Ordinarily the cylindrical pier bore is first formed by an auger and extends from the ground surface to the rock bed or other earth formation which is to support the pier. The bell shaped recess is formed usually by rotating one or more blades that are pivotally mounted at their upper ends and gradually swung outwardly by eccentric links. These cutting operations create spoil which must be removed.
One school of removing the spoil is to use a liquid such as water or drilling mud and operations of this type are confined to offshore drilling for oil wells. They clearly are not susceptible for use for the formation of piers as a support for buildings in locations removed from the coast and structures not related to oil wells.

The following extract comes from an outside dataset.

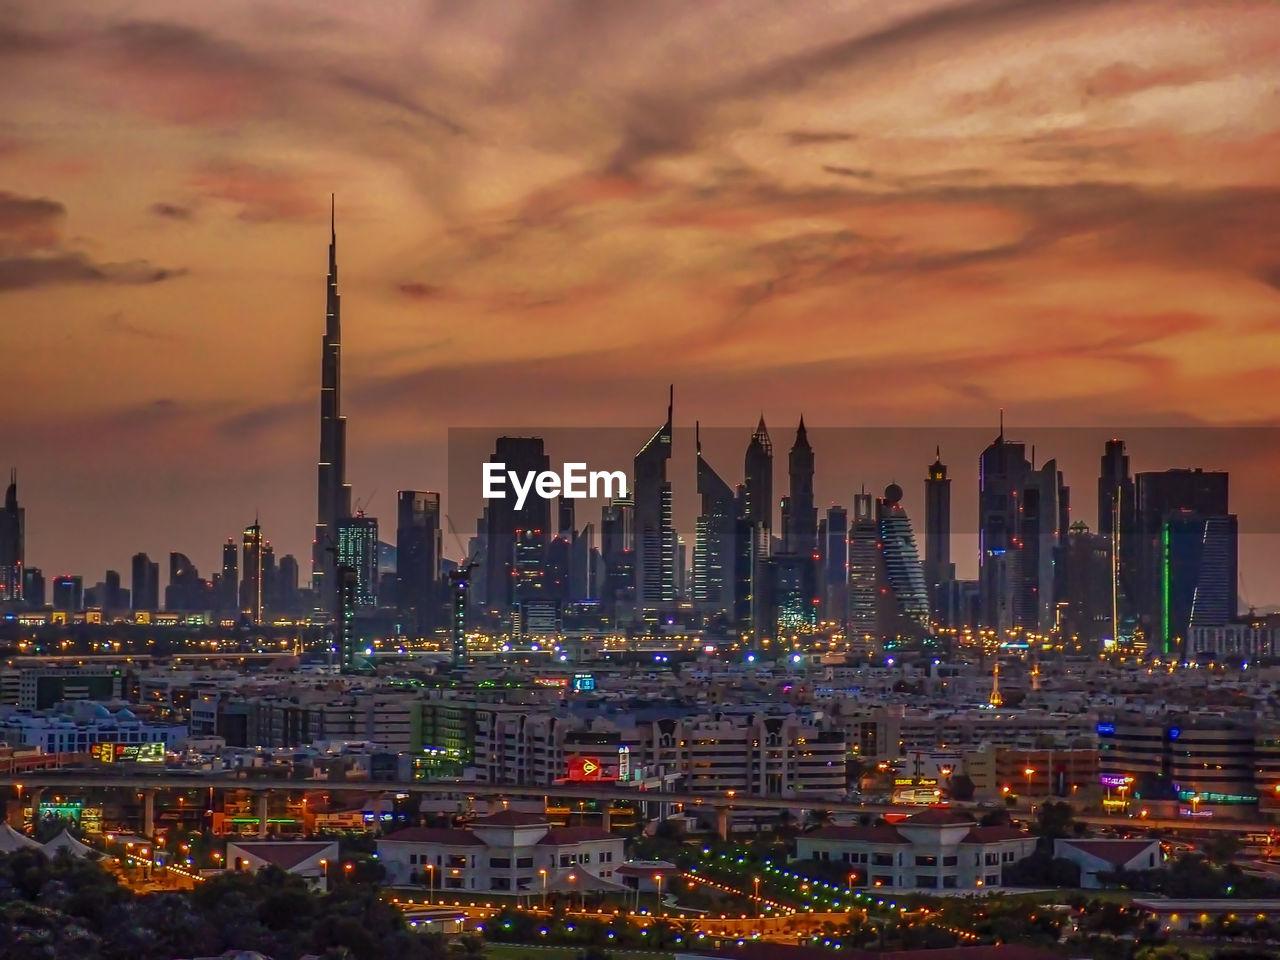 Illuminated Cityscape Against Dramatic Sky During Sunset

Another method of operation is to remove the bell cutting apparatus after a portion of the bell shaped recess is formed and then removing the spoil so far formed. The removal of the spoil often requires the entry of a man into the lower end of the bore. Even should manual operations not be required for the spoil removal, safety regulations now obtaining in most jurisdictions require that the bell recess be inspected at several stages of its formation. Thus in some jobs it has been necessary to withdraw the belling apparatus and remove the spoil as many as fifty times in the formation of a single bell recess. These repeated entries of a man into the excavation constitute an impairment of the safety factor to a high degree.

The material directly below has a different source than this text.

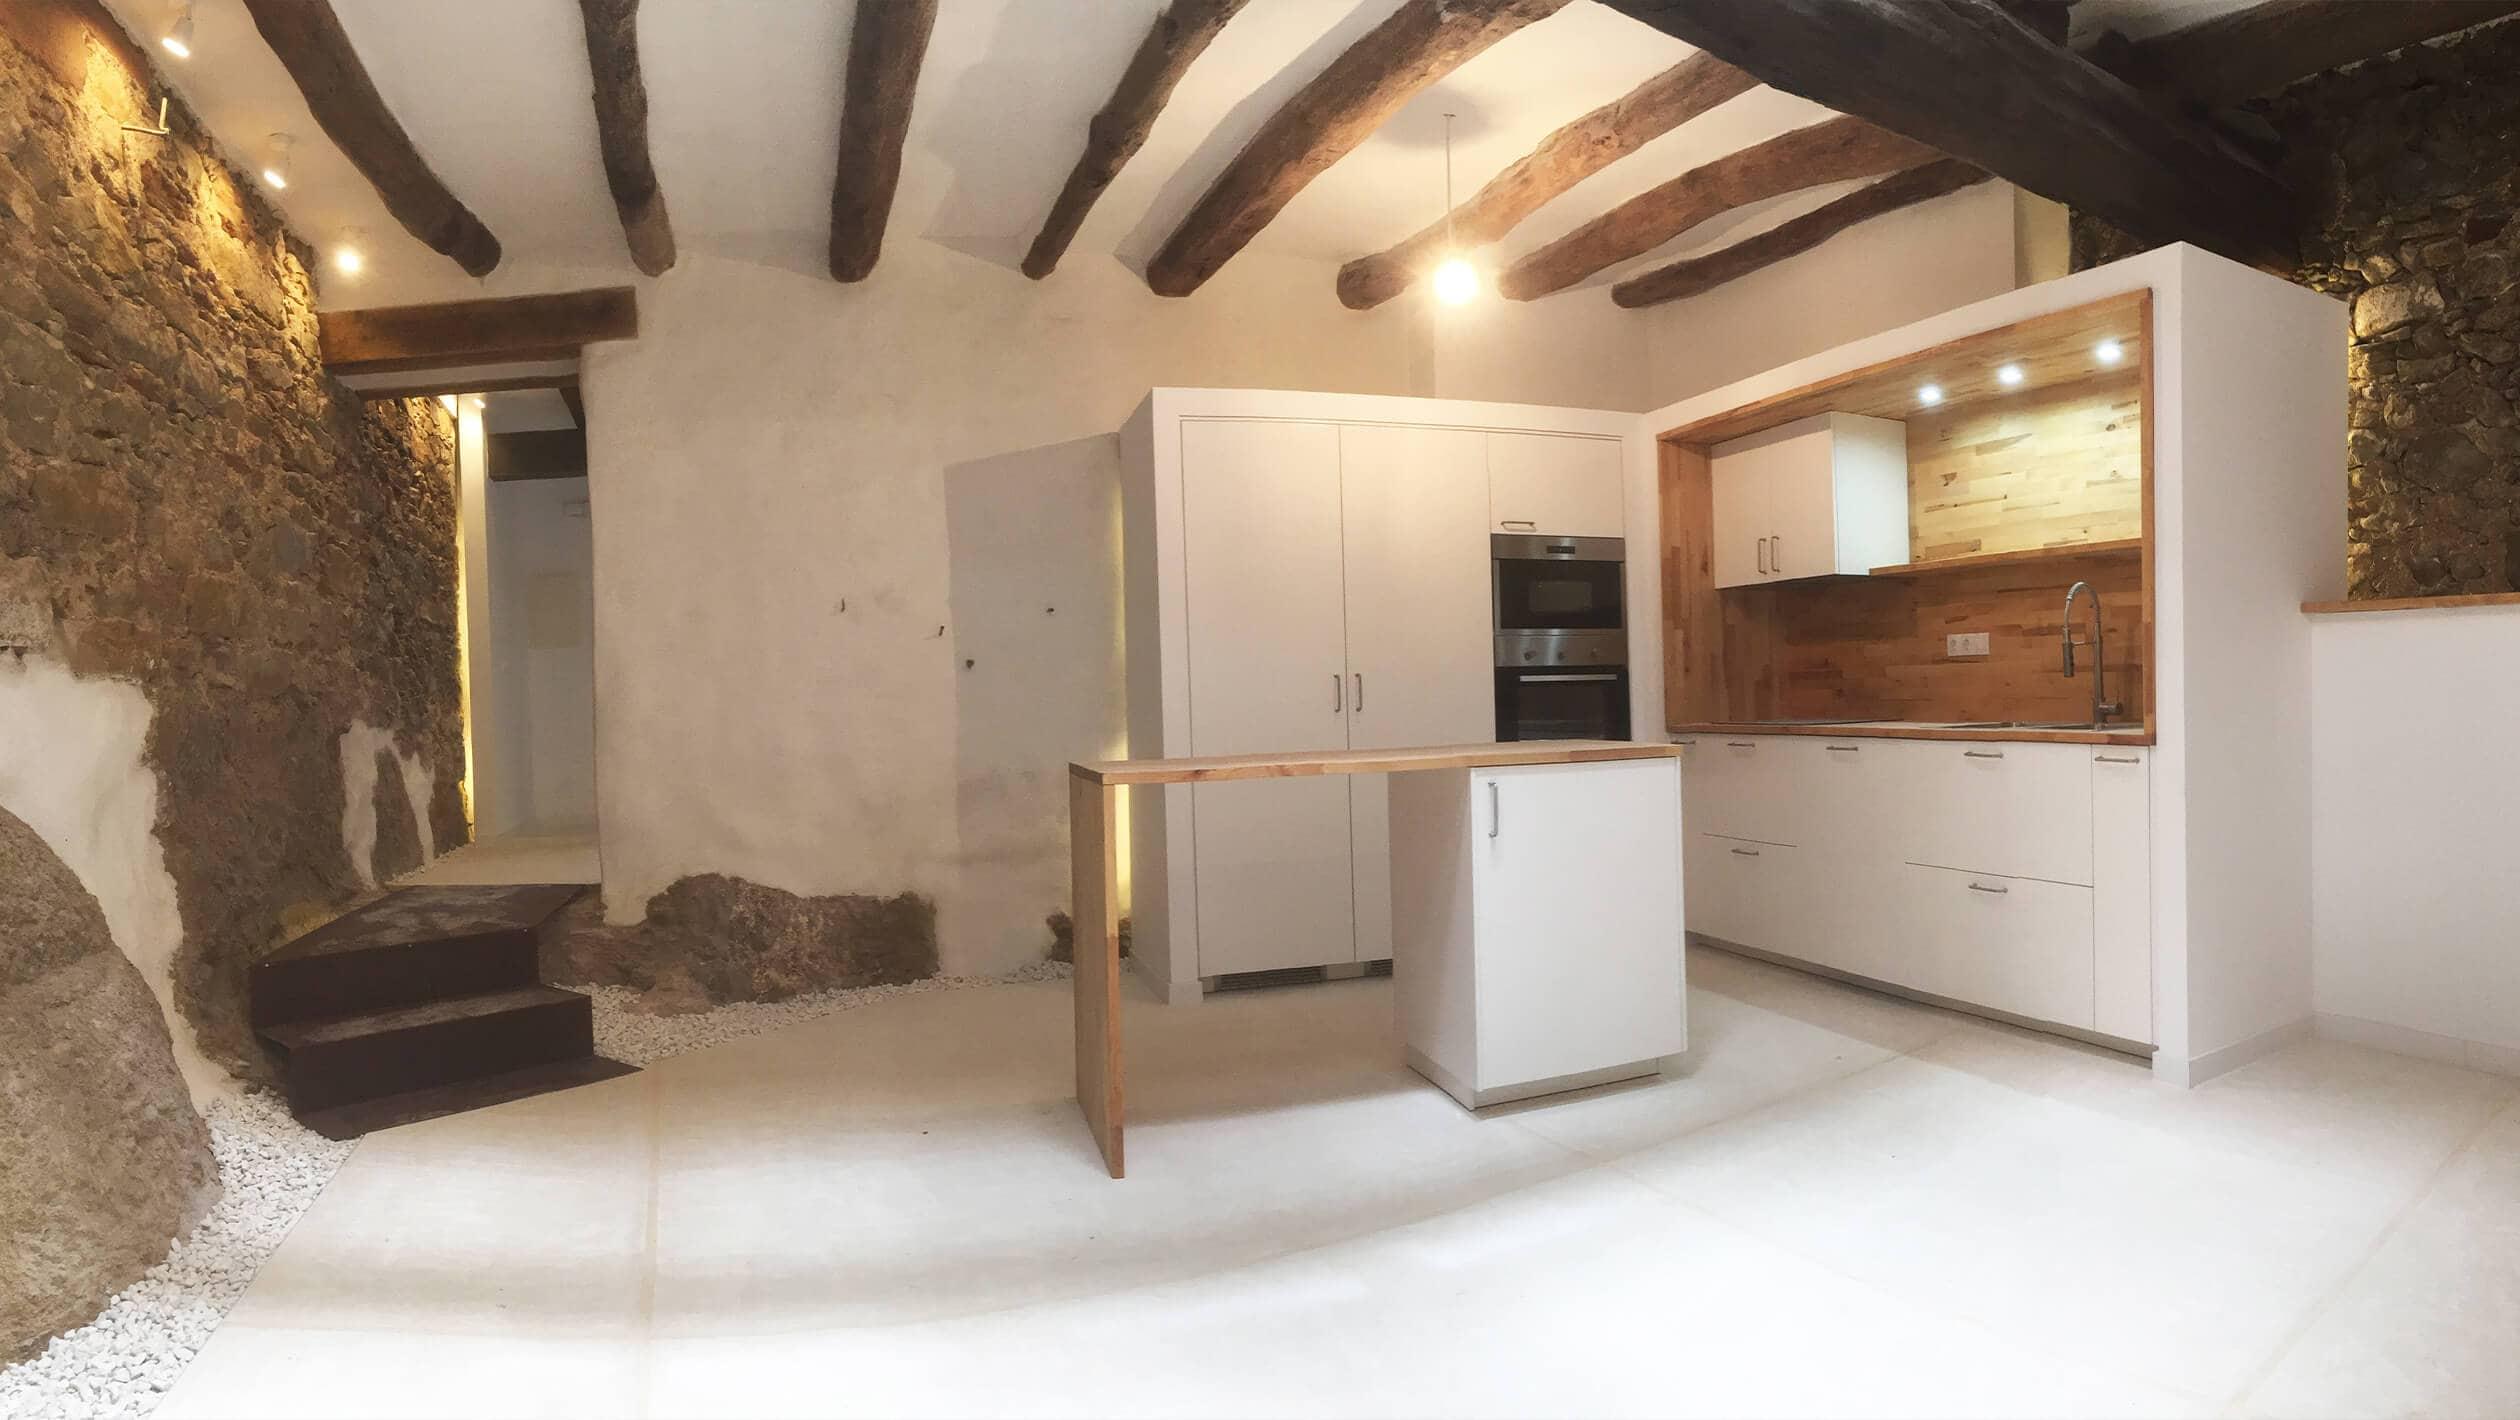 Reforma de vivienda del siglo XVIII | 2345 Arquitectes Barcelona

Another undesirable phase attending the cutting of bell shaped recesses in accordance with present use of cutting blades of the type noted, is the danger of over-cutting. Bells are designed for a certain angle of the conical end portion. Should the cutting blades be swung out to an angle in excess of that of a particular bell, the recess will not have the required shape and great difficulty is experienced in correcting such an error.
The known art is notably lacking in apparatus which is effective to cut a bell shaped recess at the lower end of a pier bore on what might be called a single downward pass of the apparatus and at the same time remove the spoil.
With the foregoing conditions in mind the present invention has in view the following objectives:
1. To provide belling apparatus which will cut a bell shaped recess at the lower end of a pier bore and remove spoil from the cutting operation on a single downward pass of the apparatus.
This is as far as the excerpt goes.